Recommendations for Other Users

While my exact settings may not be optimal for every system, here’s my suggested approach for Audirvana users:

Start with SoX Filter Phase: Begin by determining your preferred balance between rhythmic precision and natural timbre. For predominantly acoustic or orchestral music, try settings between 50-70%. For electronic or rhythm-focused music, higher settings (80-100%) might be preferable. Pay attention to soundstage precision versus the natural sound of acoustic instruments.
Experiment with SoX Anti-Aliasing: Try 96% instead of 100% and listen for improvements in naturalness, particularly in string and vocal performances. This single adjustment can dramatically reduce digital harshness.
Fine-tune Filter Length: Begin around 20000-25000 and adjust in small increments while listening to complex musical passages. Focus on instrument separation during crescendos and the natural decay of sounds.
For DSD conversion: Start with Type A (4th order) as a baseline before trying other types. Higher orders aren’t necessarily better – they often trade natural sound for technical cleanliness.
System synergy matters: Clean power makes these differences more audible. If possible, use a linear power supply for your digital components.
Be methodical but trust your ears: Technical “perfection” doesn’t always sound best. If a setting makes you connect more emotionally with the music, that’s the right setting.

[UPDATE APRIL 19: After my recent Audirvana optimizations, I find myself glued to Qobuz, listening even to music in genres that I don’t usually listen to. When you suddenly find yourself wanting to keep listening (or wanting to turn up the volume), that is a sign that the optimization was actually successful. It’s an awesome thing. And one reason why I wrote this review. I hope others will benefit and I definitely hope that Damien and his team at Audirvana will be able to keep up their great work. In fact… I’m hoping one day to have Audirvana SoX upsampling in my B&W-equipped car as well. This is one thing Roon ARC beat them in.]
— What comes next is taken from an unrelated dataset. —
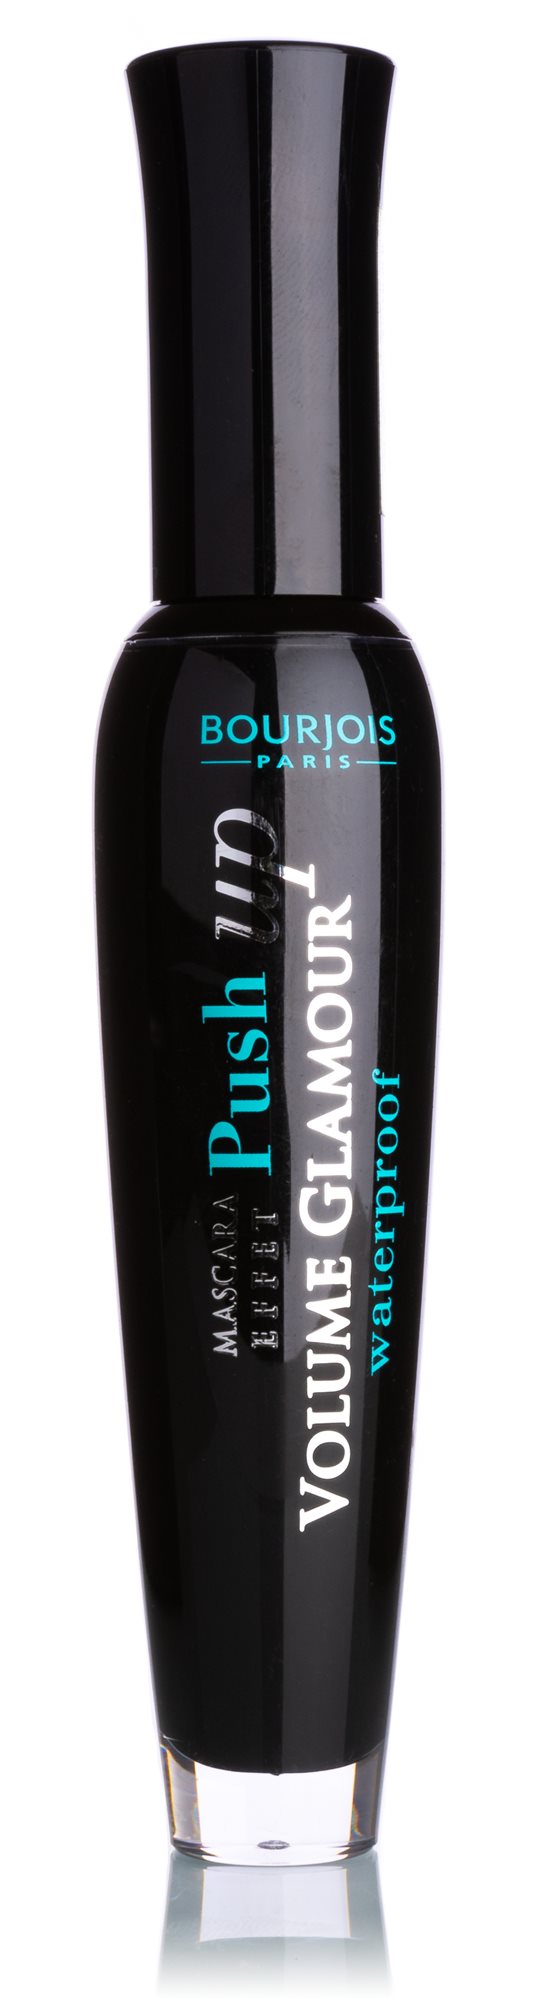 BOURJOIS Mascara Push Up Volume Glamour 71 Waterproof Black 7 ml

Alternatives I’ve Recently Explored

Before committing to Audirvana Studio’s subscription model, I explored several alternatives to ensure I was making the right choice:

Roon: While the latest version does offer upsampling options, it lacks the granular control that Audirvana provides. In my system and to my ears, Roon sounded quite good but didn’t come close to the results I achieved with Audirvana’s fine-tuned settings. The ability to adjust parameters by single digits makes a substantial difference that Roon’s more limited controls can’t match.

JPlay for iOS: This software enables bypassing the computer entirely, streaming directly to a network player. Even without upsampling capabilities, JPlay sounded remarkably good – better than Roon to my ears and surprisingly close to my Mac mini running Audirvana. For listeners seeking a simplified approach to high-quality audio, JPlay offers an excellent entry point. However, in direct comparison to my optimized Audirvana setup, JPlay sounded clean but “less analog” – missing that final layer of natural reproduction that properly configured upsampling can provide.
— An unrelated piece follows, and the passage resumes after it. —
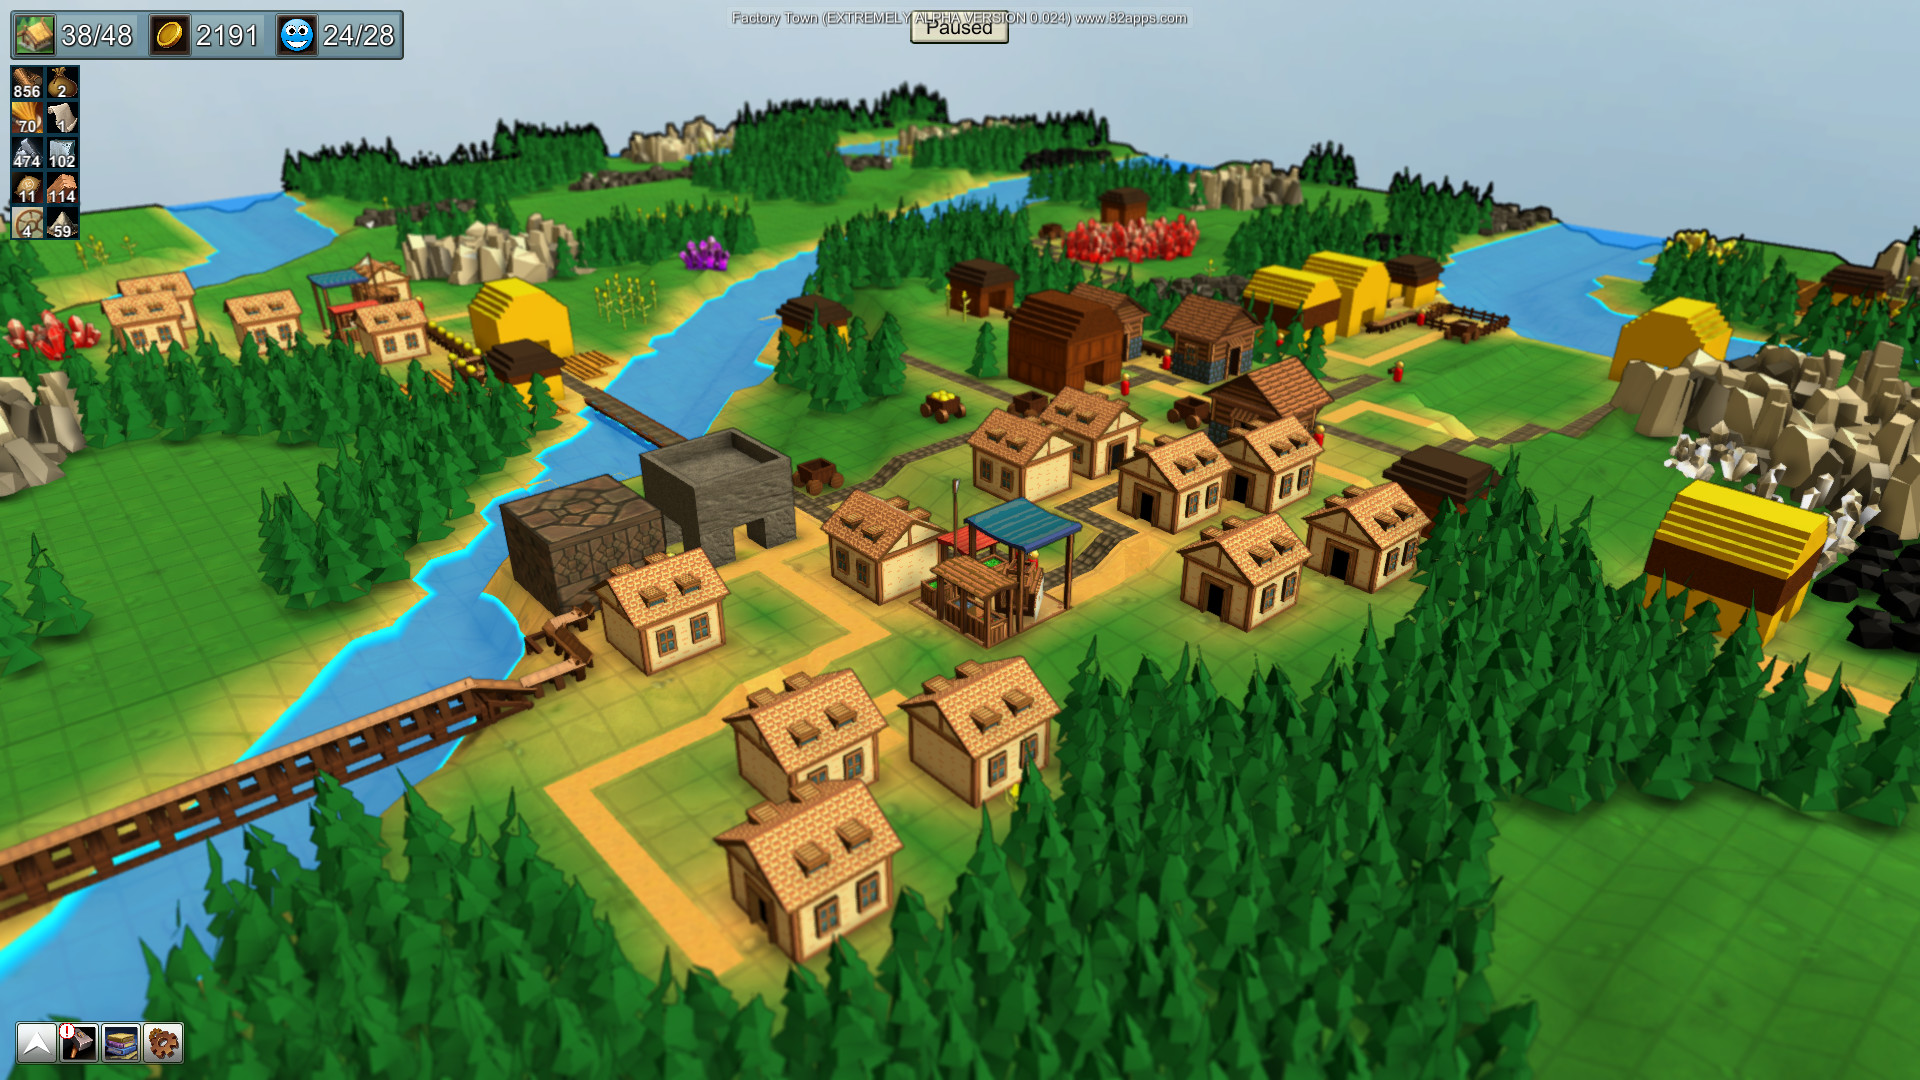 Screenshot Factory Town PC Game free download torrent

The Role of AI in My Optimization Journey

A crucial part of my recent optimization process was leveraging Claude AI to better understand these complex parameters. While I had a general understanding of what each setting controlled, Claude provided deeper technical explanations of what was happening in the digital domain.

For example, our discussions about anti-aliasing helped me understand why 100% might not be ideal – how over-aggressive filtering could affect natural harmonic decay patterns. Claude suggested specific things to listen for when adjusting each parameter (such as the positioning of instruments, reverb characteristics, and bass definition), which helped me focus my listening and make more informed adjustments.

This collaboration between human critical listening and AI technical knowledge proved remarkably effective in navigating the complex landscape of digital audio processing.

Conclusion

Audirvana Studio’s depth of configurability allowed me to optimize the digital signal path specifically for my system in ways I never imagined possible. The subscription cost, which I initially resisted, now seems wholly justified by the sonic improvements I’ve achieved.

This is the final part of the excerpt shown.